QuTech Launches Open-Architecture Tuna-17 Superconducting Processor on Quantum Inspire Cloud Platform

Quantum Computing Report· July 10, 2026

Quantum research center QuTech has announced the global deployment of Tuna-17, its latest superconducting quantum processor, via the Quantum Inspire public cloud platform. This 17-qubit system represents the third release in a 12-month development cycle and serves as a standardized operational baseline for an upcoming 28-qubit variant. By providing open, un-capped access to physical hardware, the launch enables researchers and engineers to execute complex quantum error correction protocols and hybrid algorithms within a transparent European value chain.
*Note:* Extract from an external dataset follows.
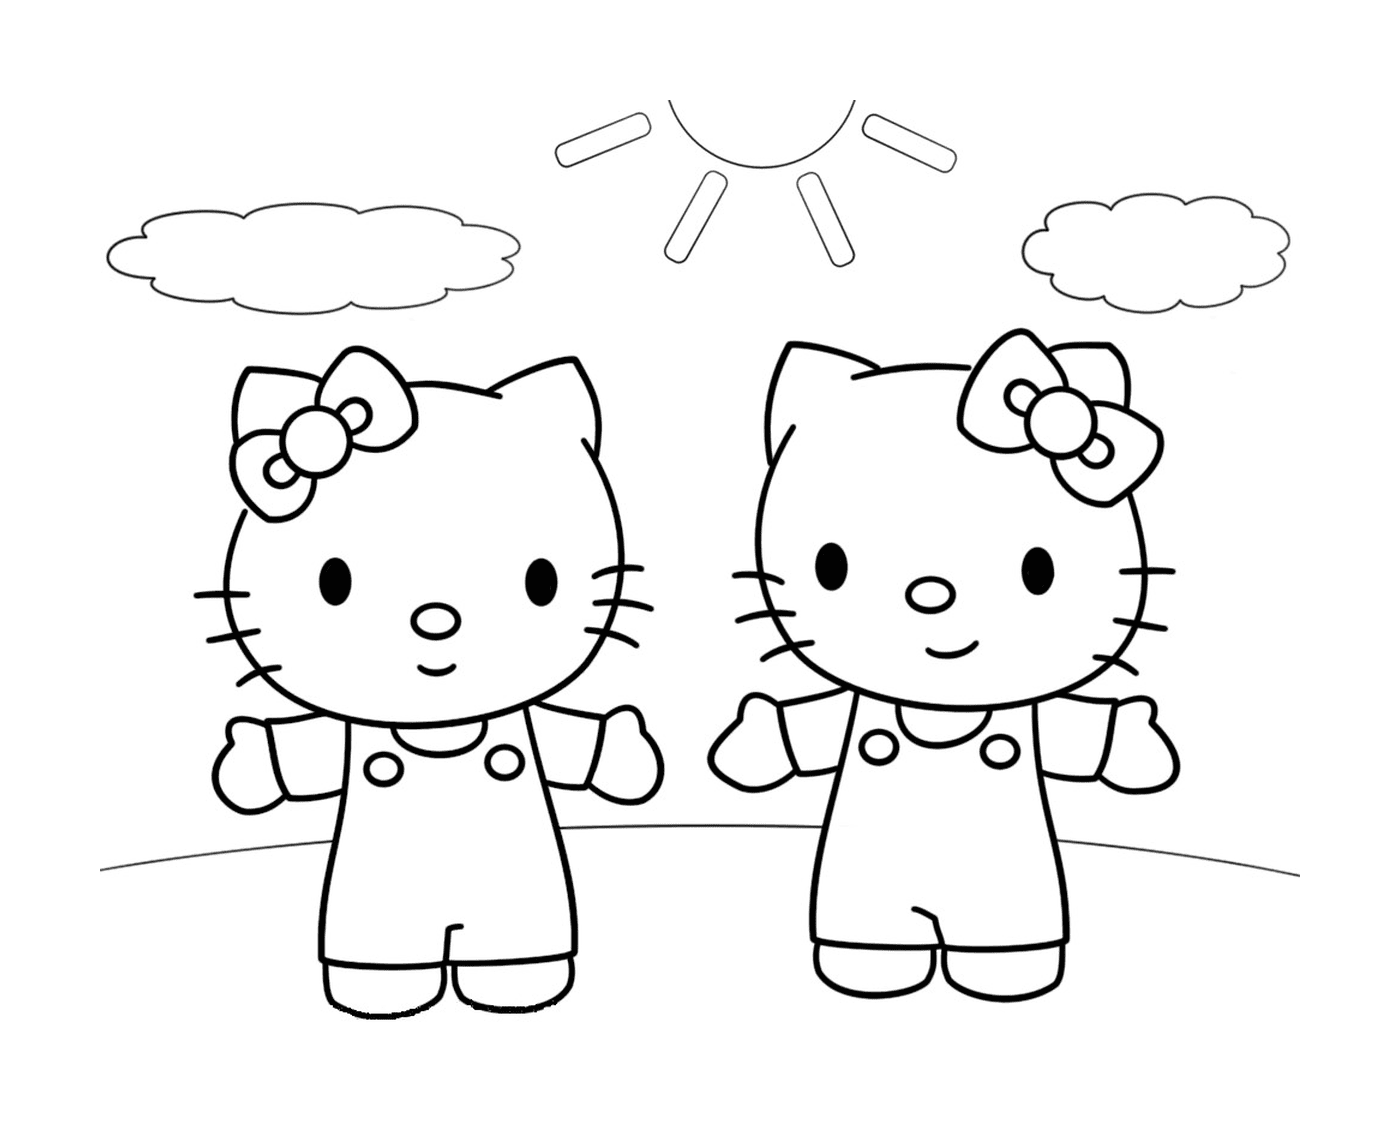  Zwei Hello Kitty Seite an Seite

The Tuna-17 processor, developed by the DiCarlo Lab at QuTech, features a planar architecture of 17 superconducting qubits integrated with 24 tunable couplers. This specific hardware configuration is engineered to support multi-qubit Quantum Error Correction (QEC) protocols and surface-code logic gates. By utilizing tunable couplers to dynamically adjust inter-qubit frequencies, the system effectively suppresses parasitic spectator effects and residual crosstalk during parallel operations, a hardware optimization strategy detailed in the team’s peer-reviewed research published in Physical Review Letters.

Unlike closed, vertically integrated commercial quantum stacks, the Tuna platform enforces a strict open-architecture standard across its entire European value chain. The processing unit supports a universal gate set, automated self-calibration subroutines, real-time performance logging, and mid-circuit measurements, which are critical for active error mitigation, conditional logic routing, and low-depth factorization algorithms. The cloud interface is fully integrated with popular open-source software packages, including Qiskit and PennyLane, allowing users to deploy hybrid Noisy Intermediate-Scale Quantum (NISQ) algorithms with up to 100,000 shots per batch.

Financed in part through the HectoQubit consortium under the Quantum Delta NL Phase 2 framework, the Tuna-17 installation serves as an operational hardware demonstrator for the broader European Union OpenSuperQPlus Flagship project. By establishing a dedicated open-architecture system integration division in Delft, the consortium aims to transition laboratory prototypes into industry-standard, multi-vendor components. This approach is designed to ensure European technological sovereignty in semiconductor-adjacent manufacturing while simultaneously training a skilled quantum workforce via active deployment across the Delft University of Technology’s graduate curriculum.